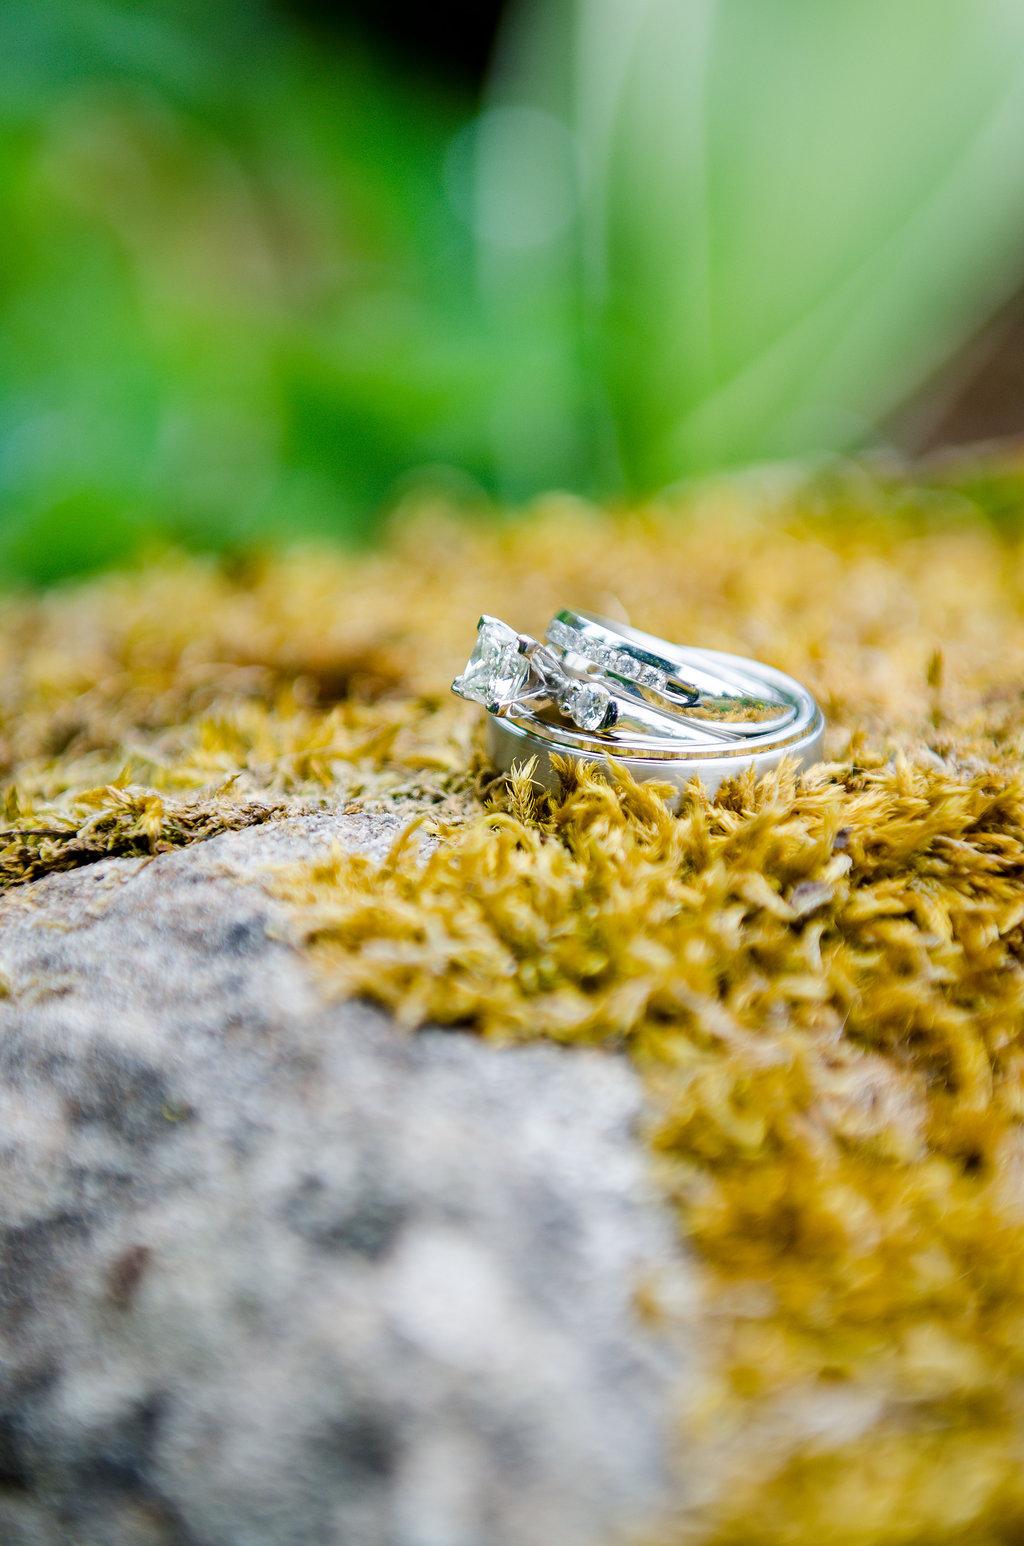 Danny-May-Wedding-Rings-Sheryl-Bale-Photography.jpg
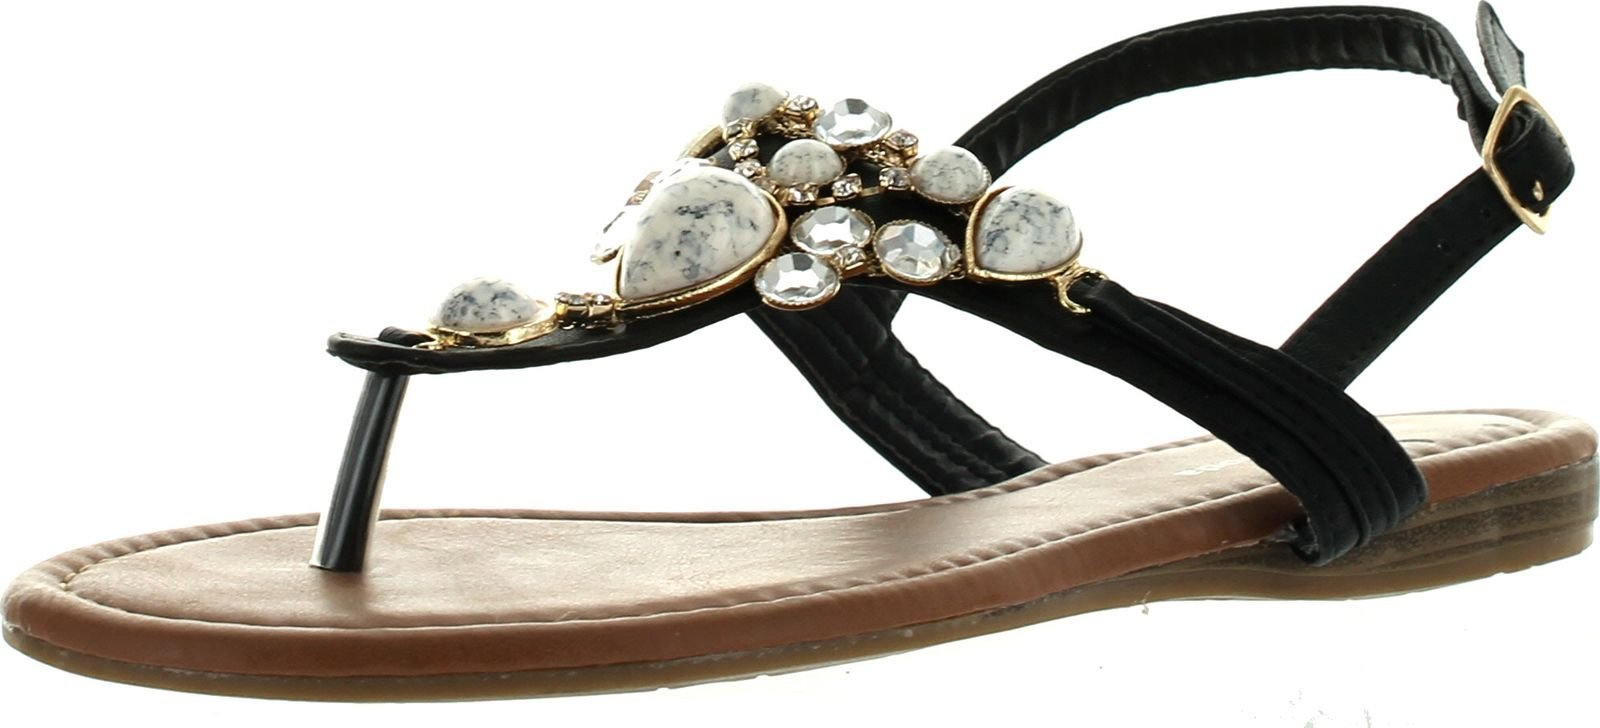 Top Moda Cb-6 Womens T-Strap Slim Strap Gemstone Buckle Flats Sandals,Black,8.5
-------
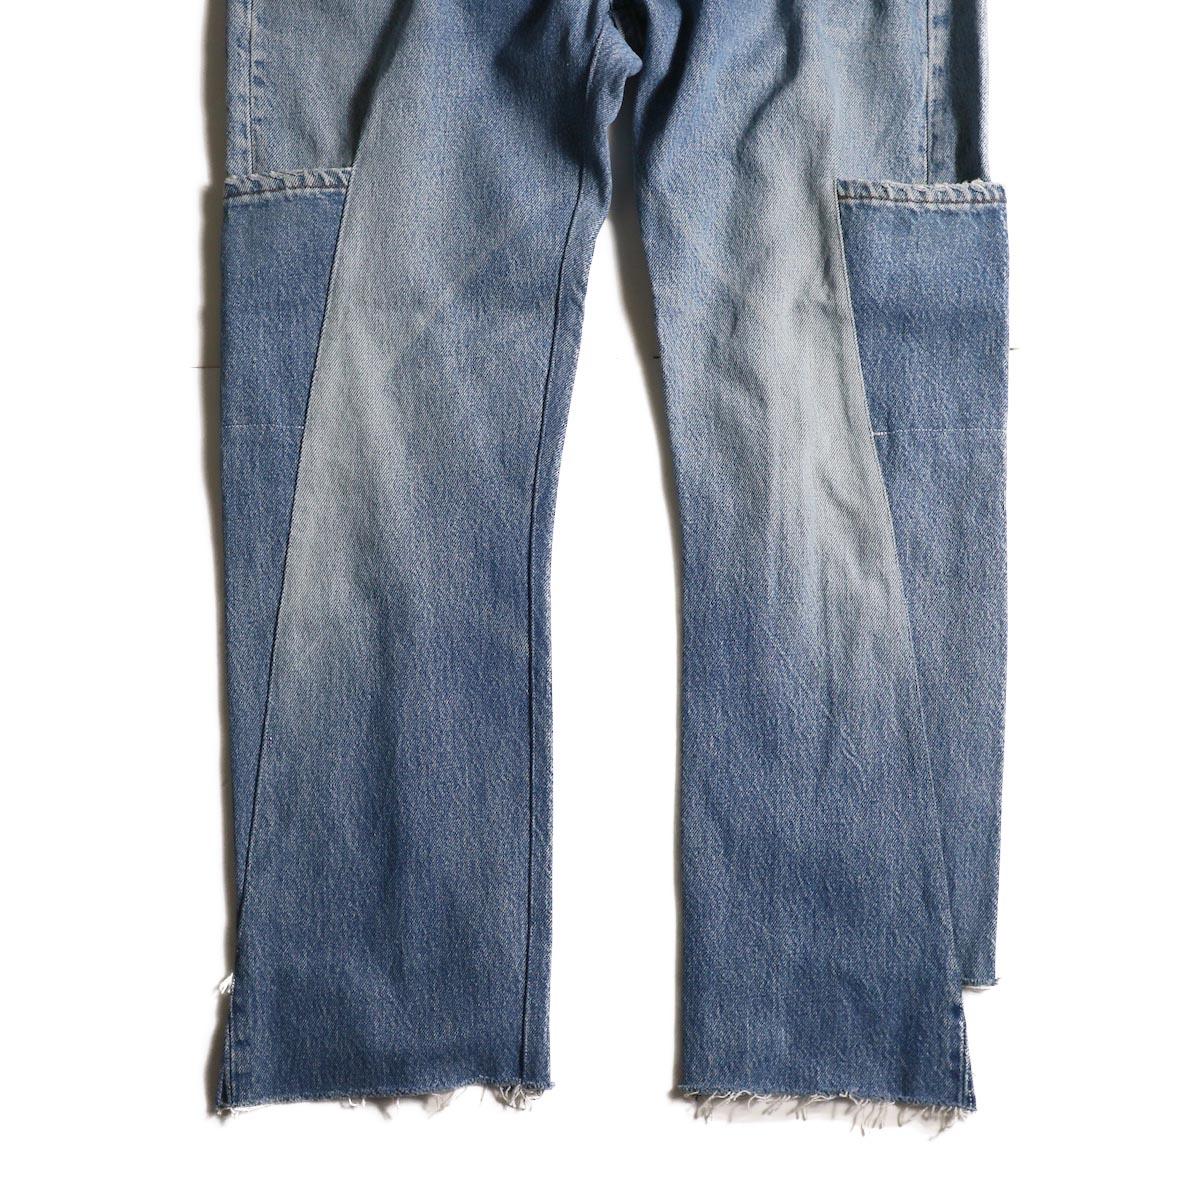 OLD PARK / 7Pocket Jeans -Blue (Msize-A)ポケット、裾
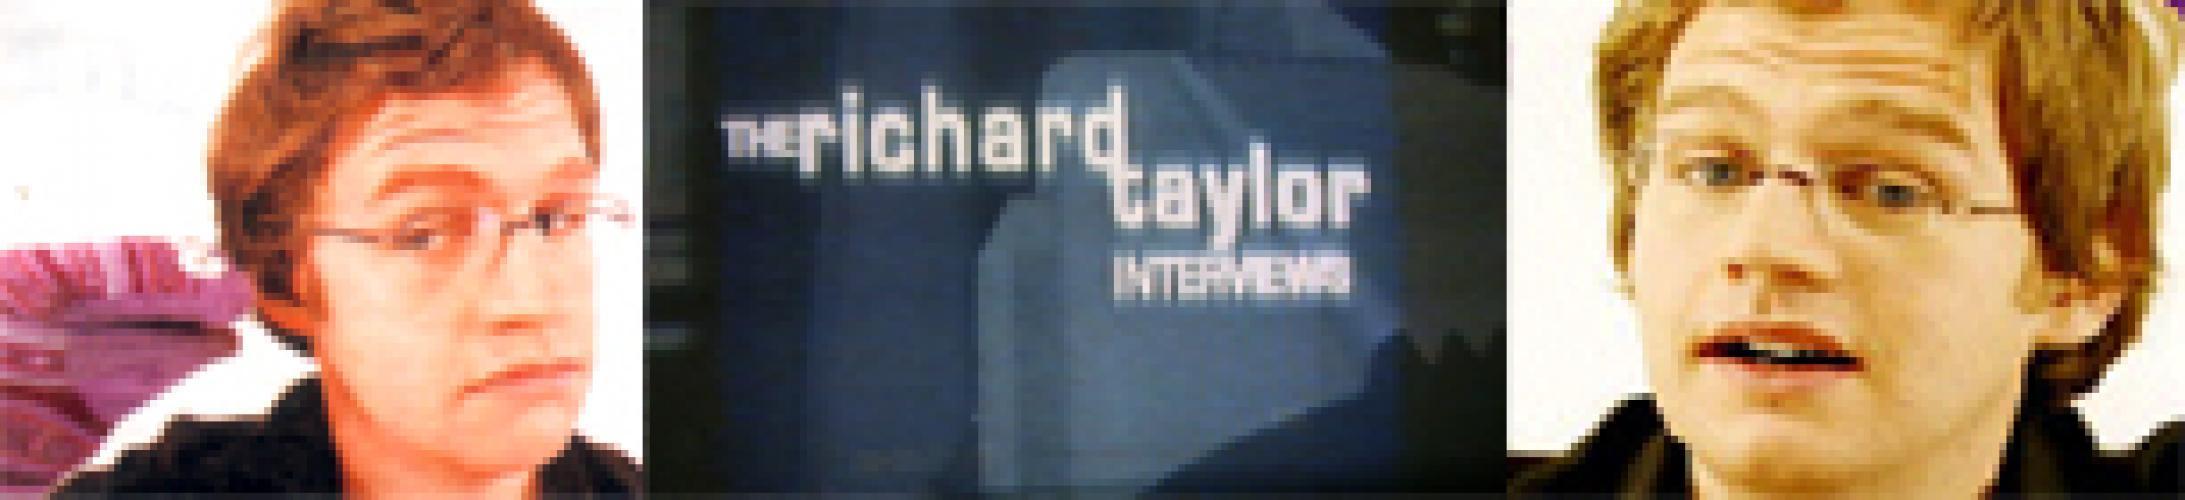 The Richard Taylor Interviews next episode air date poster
-------
- [Prompt] In the records above, find the line with "OLD PARK / 7Pocket". Print exactly from there through the line with "The Richard Taylor", minus the pictures.

- [Reply to the exercise]
 OLD PARK / 7Pocket Jeans -Blue (Msize-A)ポケット、裾
 The Richard Taylor Interviews next episode air date poster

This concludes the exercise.